◆ **WHAT YOU NEED TO DO**
Skip the pictures. Quote every line below, exactly, from the one with "Dried slice of orange by homydesign" through the final line.
DATA SEGMENT START
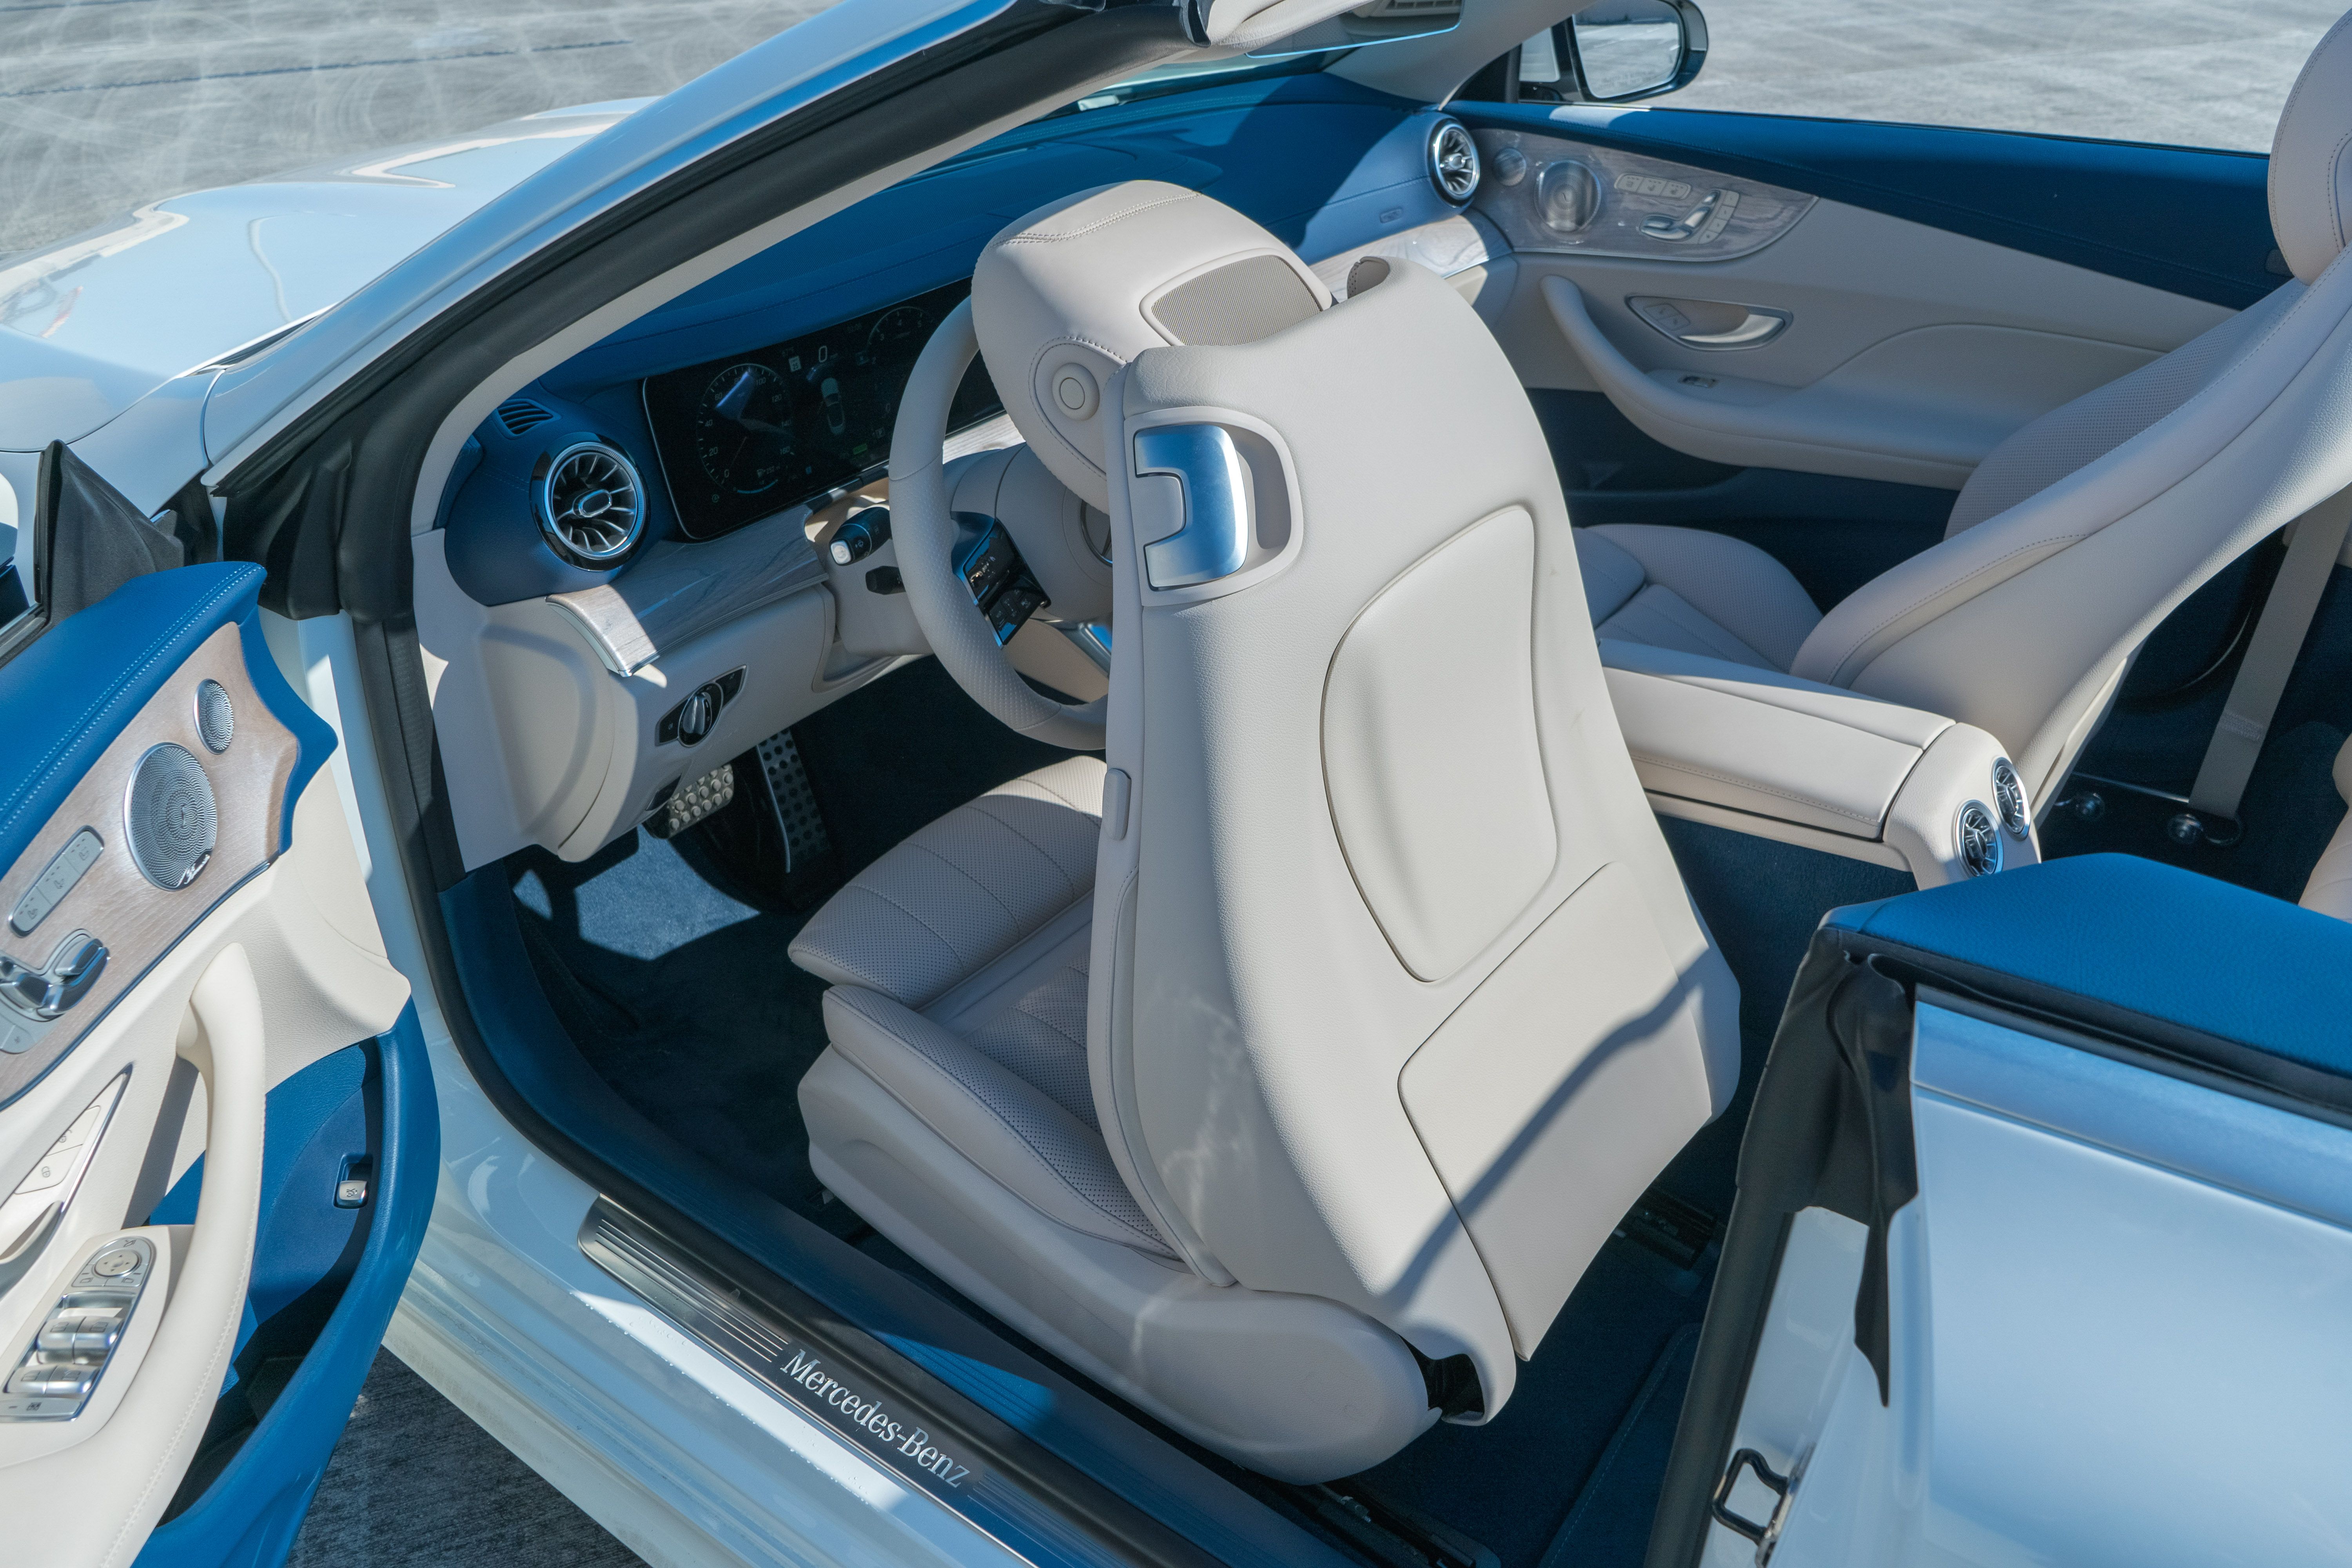 2020 Mercedes E450 Cabriolet - Driven
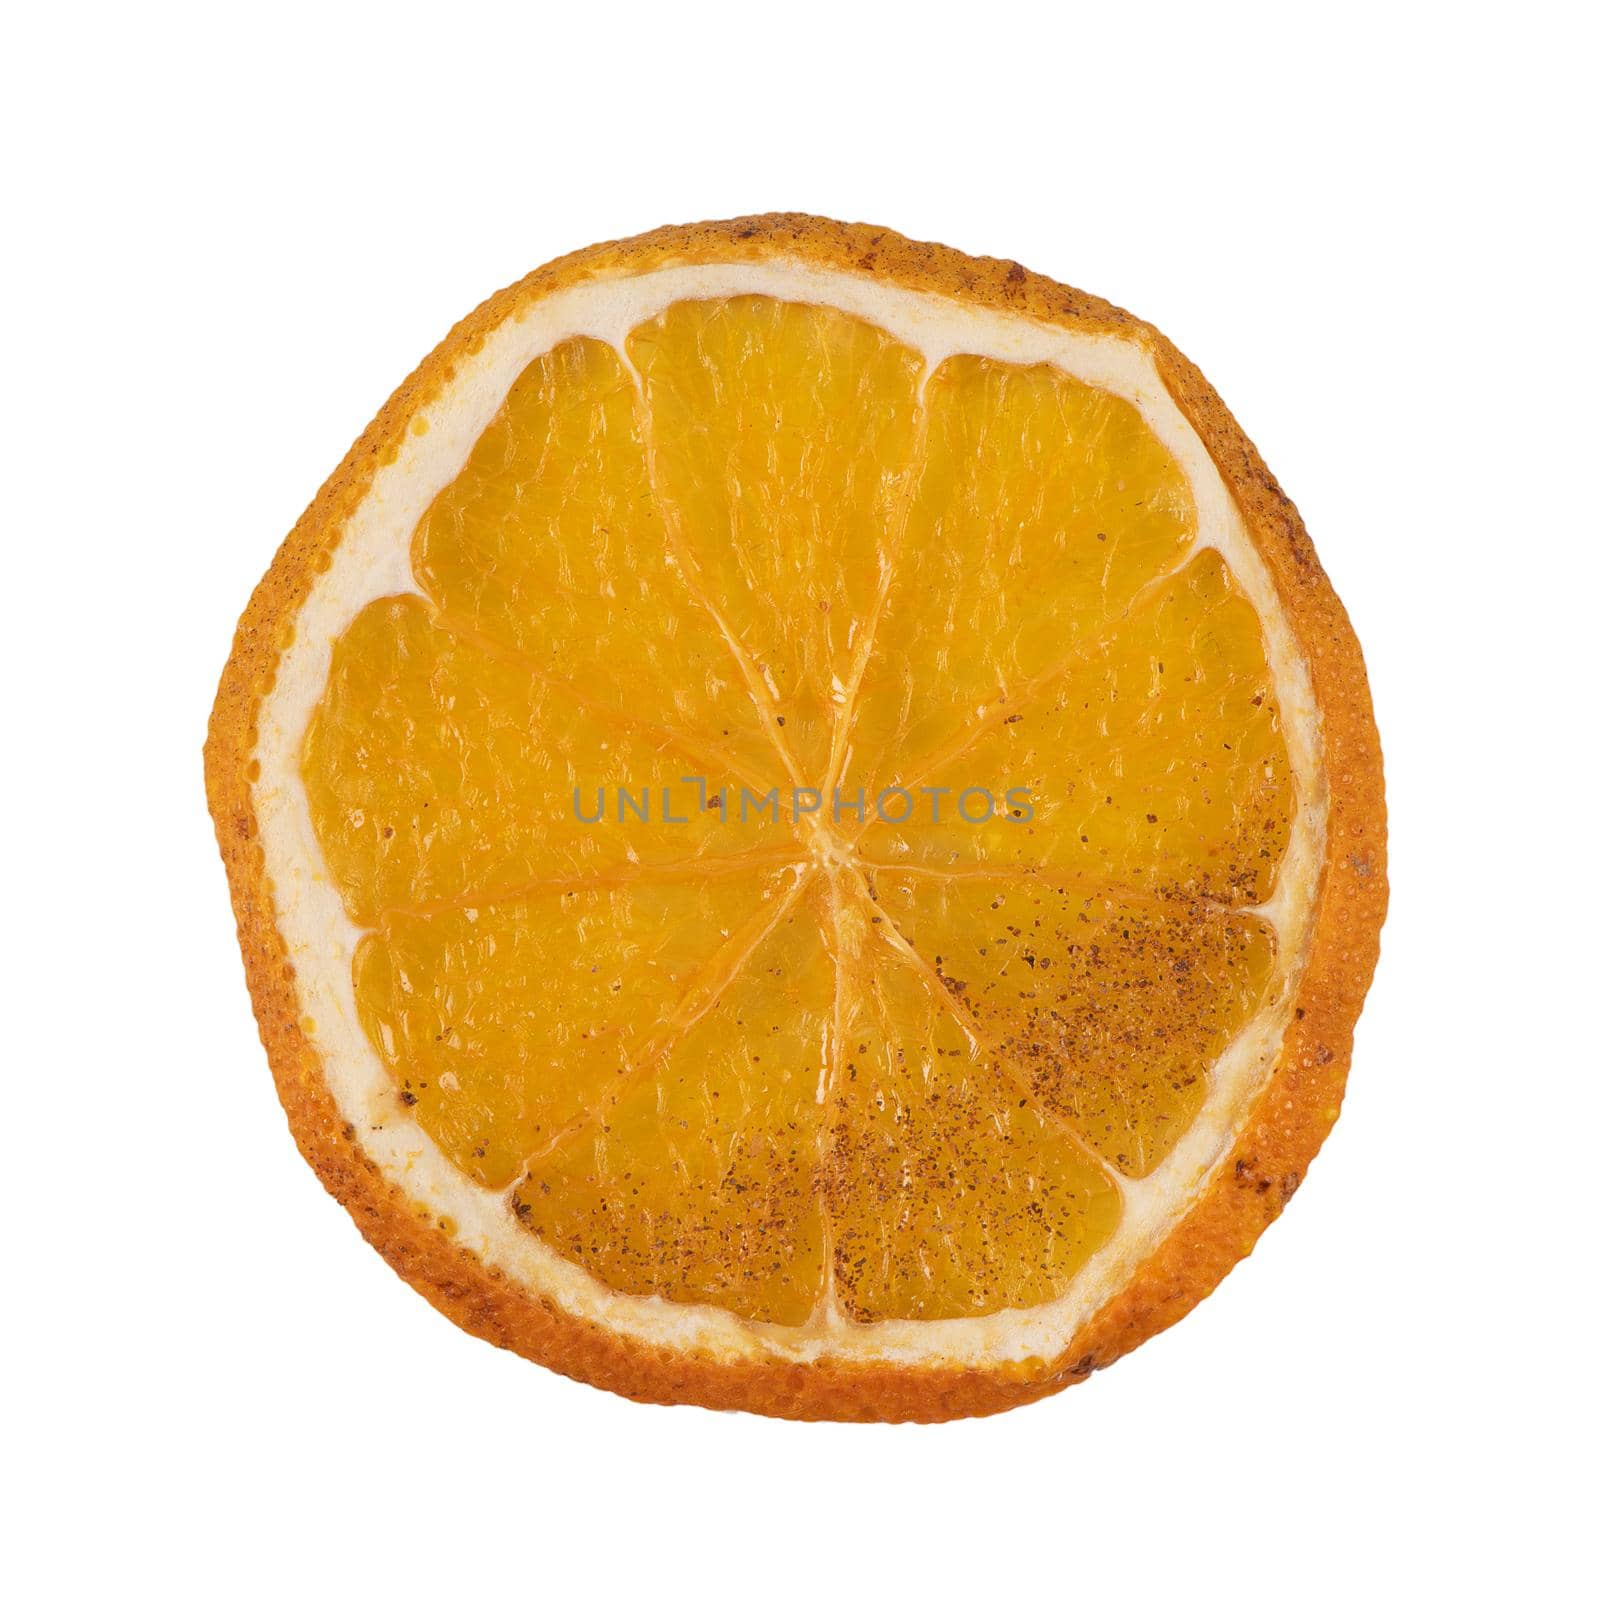 Dried slice of orange by homydesign
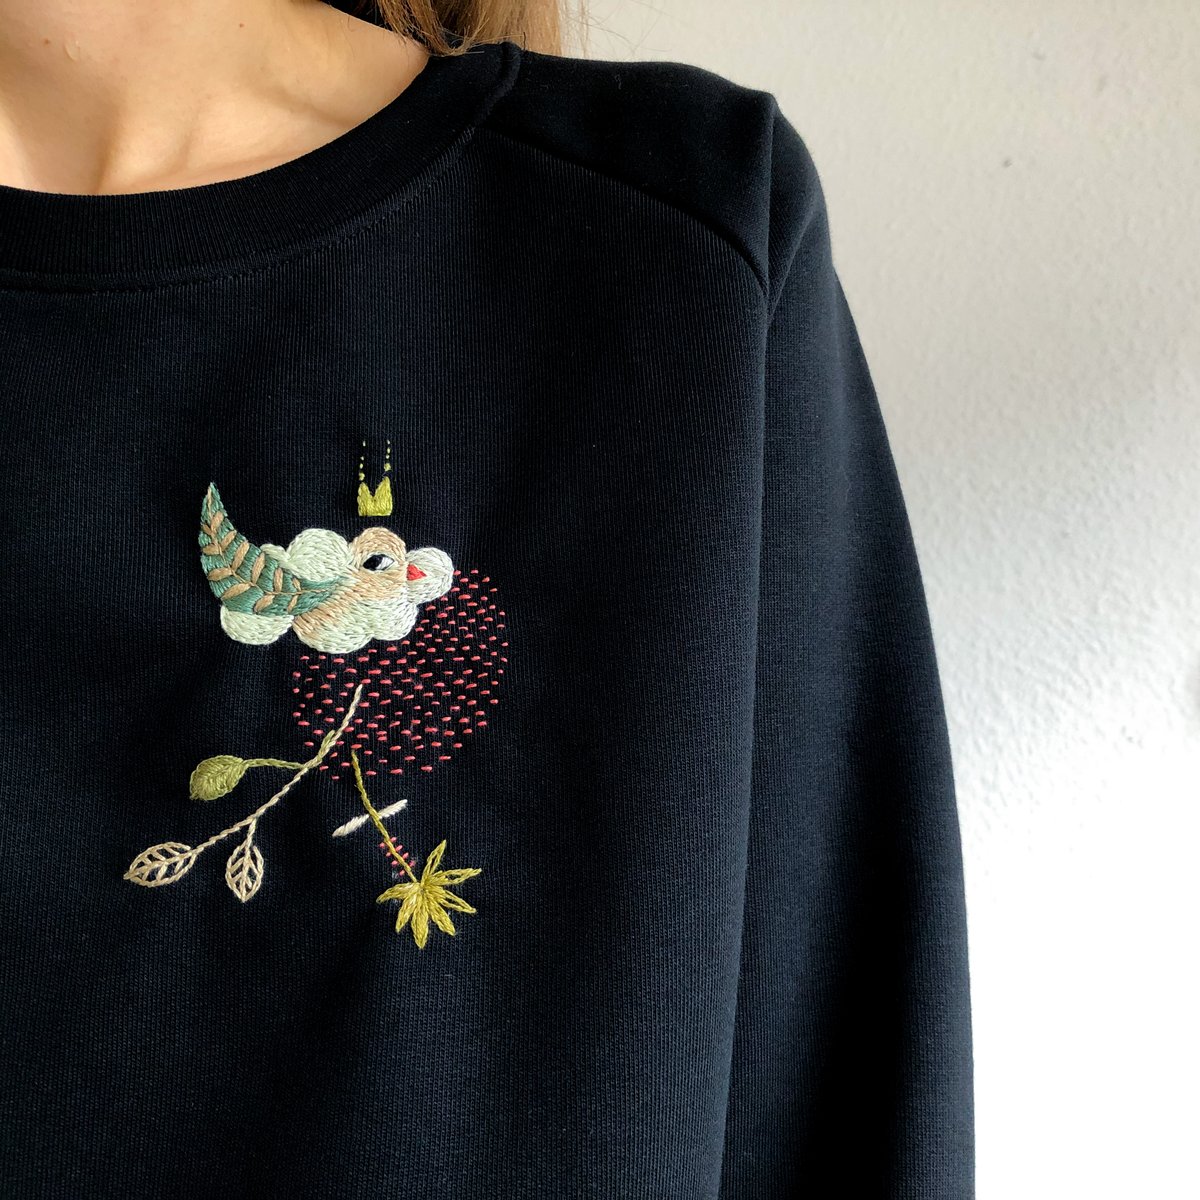 HIJJOO - Sweet embroidery Sweatshirt , plain cotton, Fleece-lined lining 2  types - Codibook.
DATA SEGMENT END
◆ **REPLY**
 Dried slice of orange by homydesign
 HIJJOO - Sweet embroidery Sweatshirt , plain cotton, Fleece-lined lining 2  types - Codibook.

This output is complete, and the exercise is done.